Translation: There Must Be Something
“This winter a chill will run down your spine…”
Directors: Anil V. Kumar & Anurag Bosu / Writers: Rajeev Jhaveri, Anuraag Praparna, Umesh Shukla & Sameer (song lyrics) / Cast: Tusshar, Esha Deol, Yash Tonk, Natassha, Ashay Chitre, Vrajesh Hirjee, Kusumit Sana, Rishi Kapoor, Johny Lever.
Body Count: 7
To sound like some racist asshole – I can’t tell this film and fellow Hindi slasher Sssshhh… (also from 2003) apart. I’ll make the excuse that it’s been years since I’ve seen either, but notes from the occasion suggest this is the lesser of the two projects.
As that other film, and blatant Nightmare on Elm Street rip off Mahakaal (1993), a whole lotta Kucch to Hai is recycled material from North American slasher films of the post-Scream boom. It’s a Bollywood trip down memory lane…
Beginning with an almost shot-for-shot rip-off of Jennifer Love Hewitt’s confessional dream from I Still Know What You Did Last Summer, we quickly move into flashback territory and the story of how college kids Karan and Tanya fell in love, punctuated with ear-melting pop songs and love ballads, as is prerequisite in Indian cinema, even in genres as diverse as horror.
All of this stuff takes an HOUR. SIXTY MINUTES. At this point, Tanya takes the blame for Karan’s exam faux pas, risking a failure for herself, and thereby prompting a group of her friends to sneak into the creepy Professor Bakshi’s home to change the grade on her paper.
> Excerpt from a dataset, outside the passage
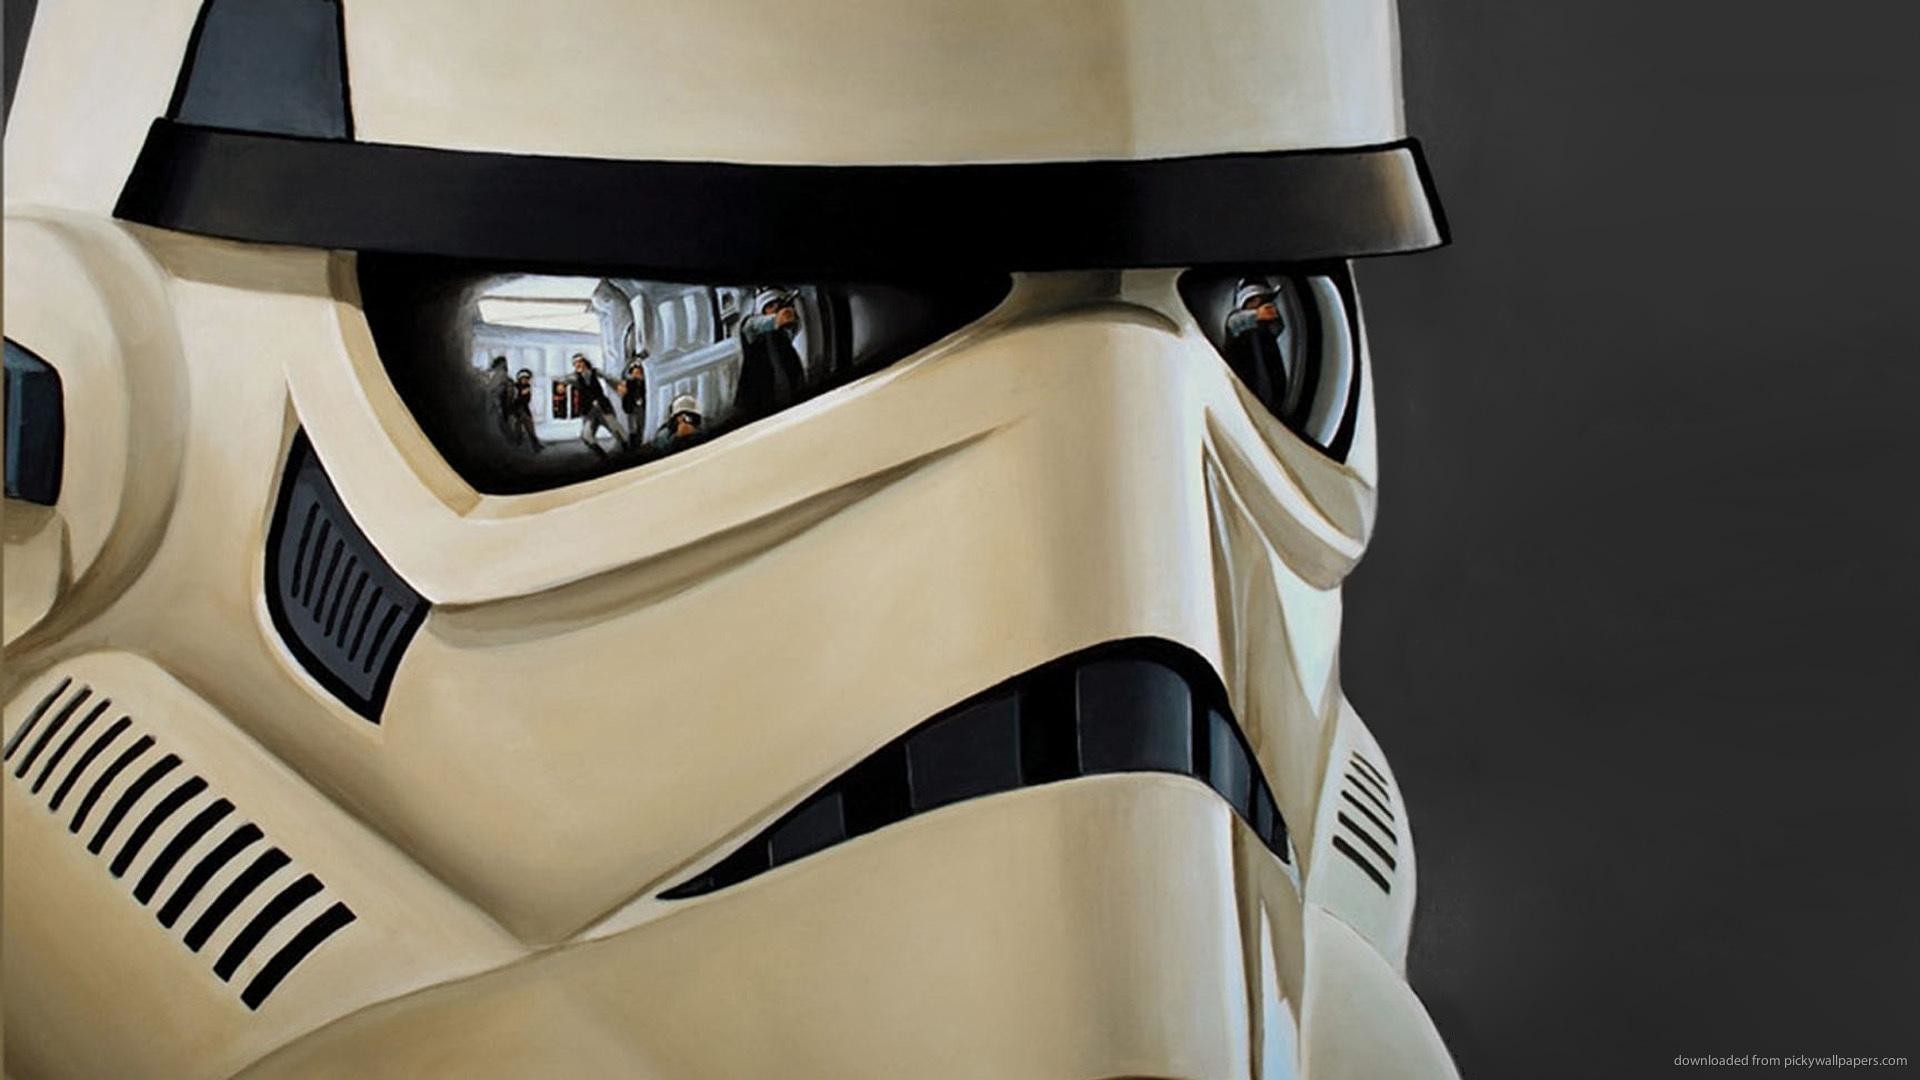 1920x1080 Stormtrooper-with-reflections-in-his-visors-for--. wallpaper -wp4001743
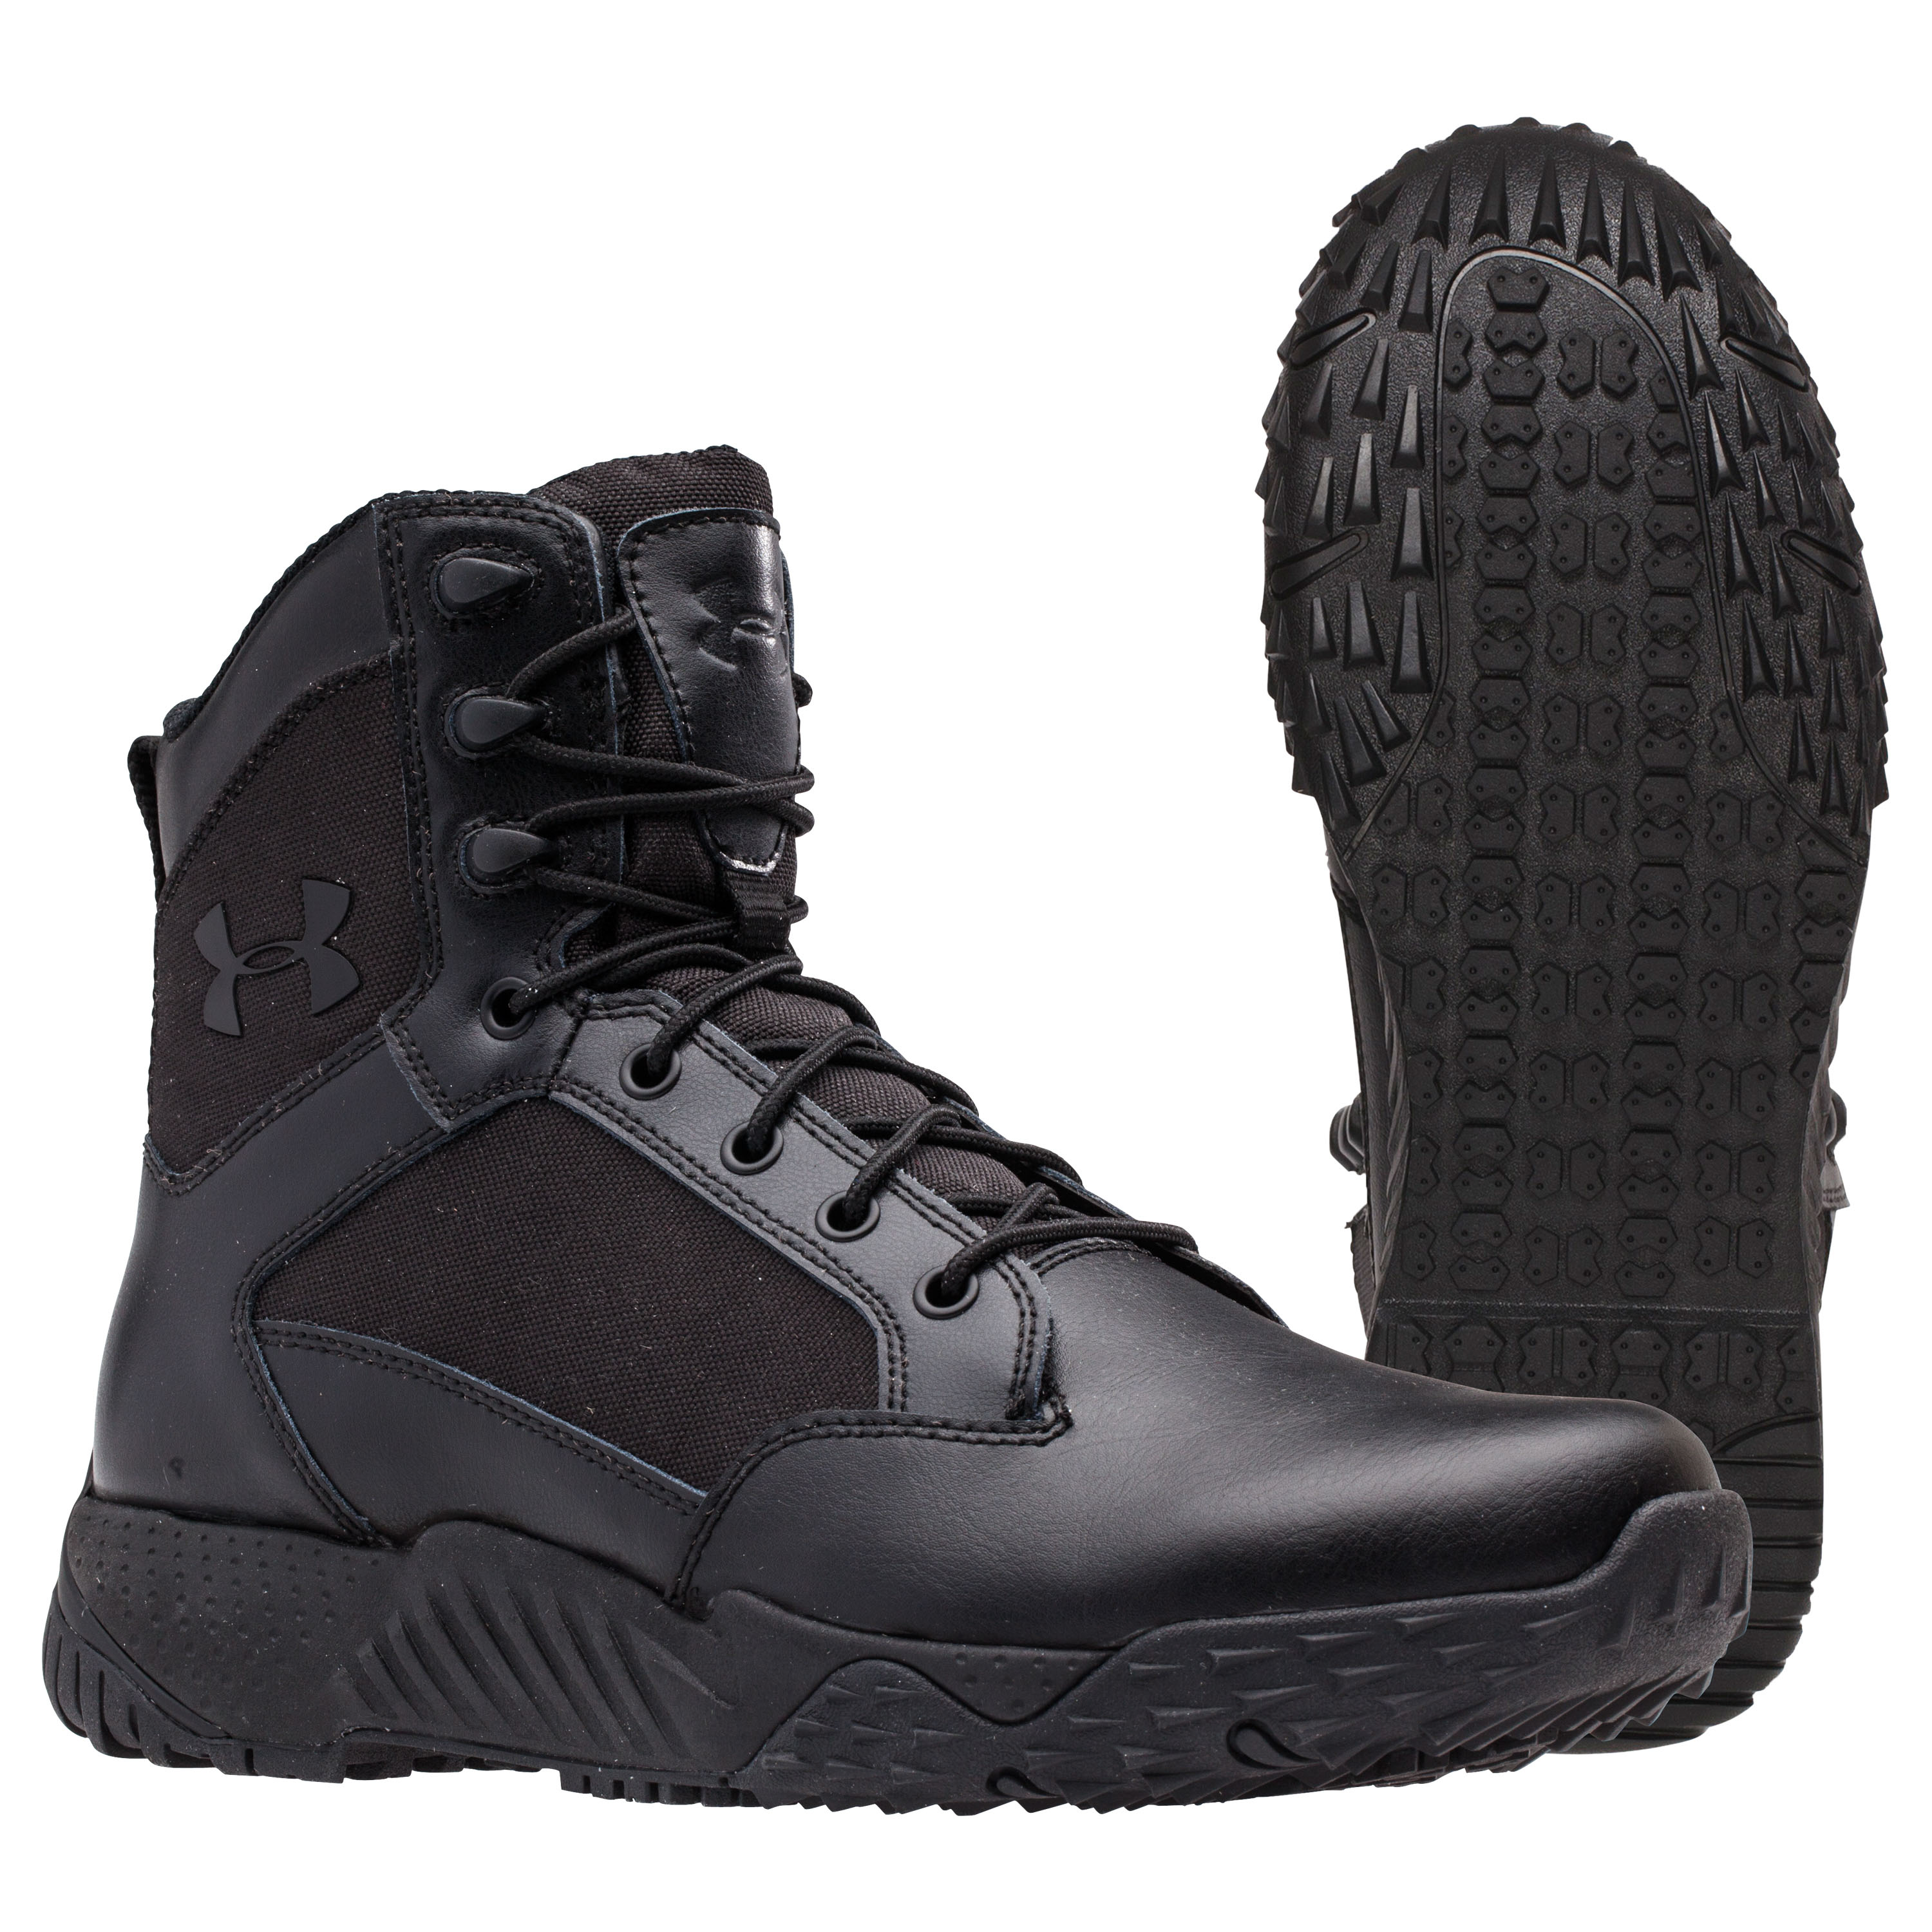 Buy > everyday tactical boots > in stock

However, their mini-heist is interrupted when the Prof comes home and, during their escape, they find his dead, virtually mummified wife in the basement, and duly run him over with their van as they make their getaway. Three years later, the group recongregate at the wedding of two of their friends at a ski lodge and find the party crashed by a figure in a black mack who dons a curved blade.
There’s little attempt to disguise the fact that Kucch To Hai unashamedly lifts its entire plotting from the original Last Summer flick, detouring via another shot-for-shot recreation of the killer-in-the-backseat opening from Urban Legend, albeit with a slightly different outcome and the theme from Mission: Impossible replacing ‘Total Eclipse of the Heart’ as the song on the radio!!!
A scene stolen from Scream 3 sneaks in once the stalking kicks off in the last twenty minutes, with very little bloodshed and a confusing unmasking twist at the finish line. It’s a tough race as the film grinds on relentlessly towards the two-and-a-half hour mark, taking pauses from the horror for its musical interludes, and far more concerned with the developing love triangle between the main characters.
Western audiences will be nothing short of aghast at the stylings, with a veritable rainbow of colour and overdramatic camera work to accentuate the drama, so it’s not possible to tell how technically good the film is compared to other exports from its home country without a good base knowledge of Indian cinema – which I don’t have.
Both dialogue and songs are subtitled, although the actors occasionally cross over into English to make their points.